In 2021 season, Despaigne had a slump of .220 batting average, one home run, and six runs batted in in 27 games since the season opener, and was struck from the first team registration on May 3. Then, on May 24, he left for the U.S. to join the Cuba national baseball team for the Tokyo Olympics qualifiers. He returned to Japan on June 9, spent the prescribed quarantine period, and joined the team on August 1. In the match against the Chiba Lotte Marines on August 21, he recorded his first home run since the opening game. He returned to form in the second half of the season, and by September 30 his batting average was back up to .271. He finished the regular season with a .264 batting average, 10 home runs, and 41 RBI in 80 games, and re-signed with the Hawks at an estimated salary of 270 million yen.

In 2022 season, Despaigne did not make it to the opening game of the season after hurting his right ankle in the Cuban League. He finally joined the team on May 17. On June 3, he recorded his first home run of the season in the interleague play against the Chunichi Dragons. However, he tested positive for COVID-19 and was again removed from the first team registration by regulation on June 28. He returned to the team on July 13 and hit a two-run homer the next day, July 14, against the Orix Buffaloes.
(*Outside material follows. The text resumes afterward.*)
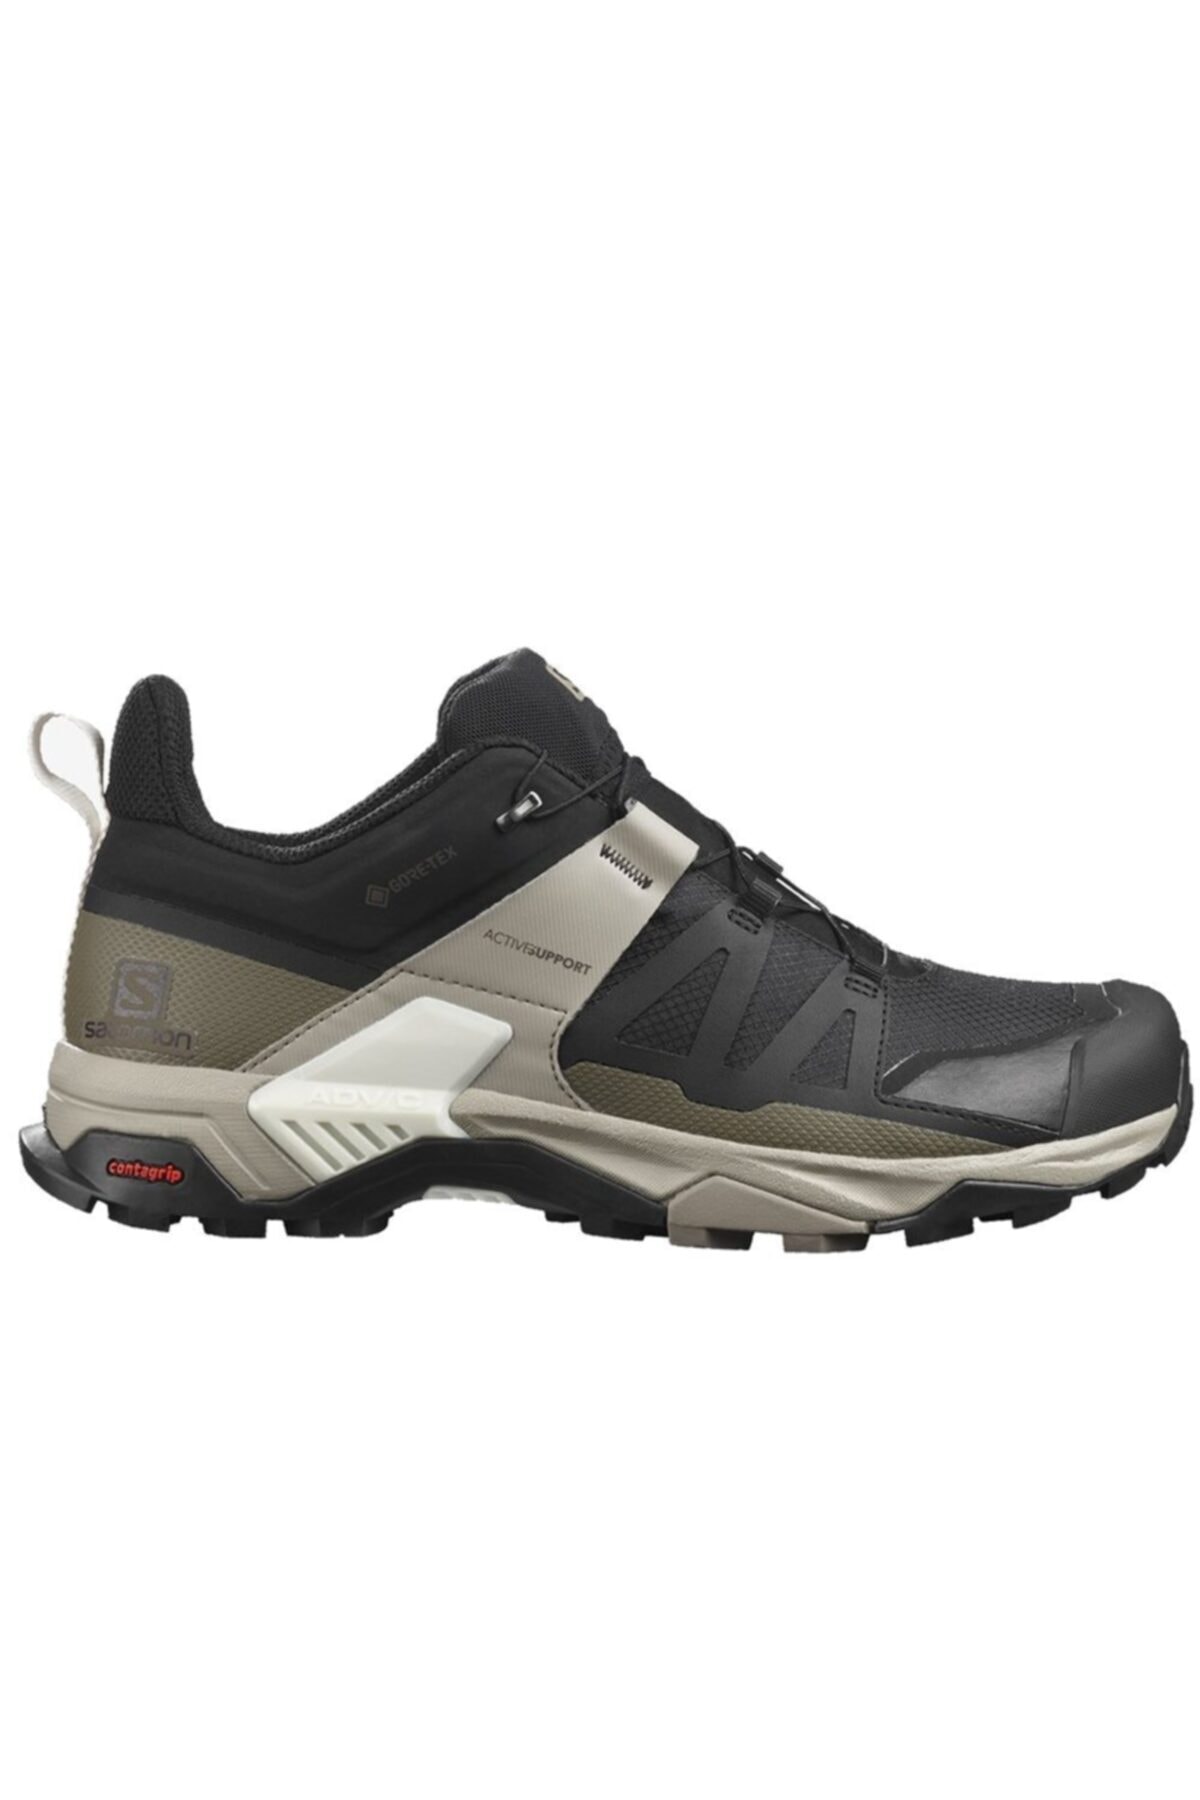 X Ultra 4 Gore-tex® Erkek Outdoor Ayakkabı L41288100-Siyah-yeşil

He finished the regular season with a .269 batting average, 14 home runs, and 40 runs batted in in 89 games, despite his frequent departures. He became a free agent following the 2022 season.

On May 31, 2023, Despaigne re-signed with the Hawks. However, he joined the team in July but was limited to only 20 appearances. On December 1, the Hawks announced they would release him.

===Alazanes de Granma===
Despaigne played the 2024 Cuban National Series for the Alazanes de Granma.

==International career==
Despaigne posted an impressive season in 2007, afterwards earning a key role on Cuba's National Team. He was selected the 2004 World Junior Baseball Championship, 2007 World Port Tournament, 2007 Baseball World Cup, 2008 Summer Olympics, 2009 World Baseball Classic, 2010 World University Baseball Championship, 2010 Intercontinental Cup, 2011 Pan American Games, 2012 exhibition games against Chinese Taipei and CPBL All-Stars, 2012 exhibition games against Japan, 2013 World Baseball Classic, 2014 Central American and Caribbean Games, 2015 Pan American Games, 2015 WBSC Premier12 and 2017 World Baseball Classic.

He was named the Best Hitter at the 2007 World Port Tournament, and was also a part of the Cuban team which won a silver medal at the 2008 Summer Olympics.

Despaigne won with his national team the gold medal of the 2014 Central American and Caribbean Games in Veracruz, Mexico.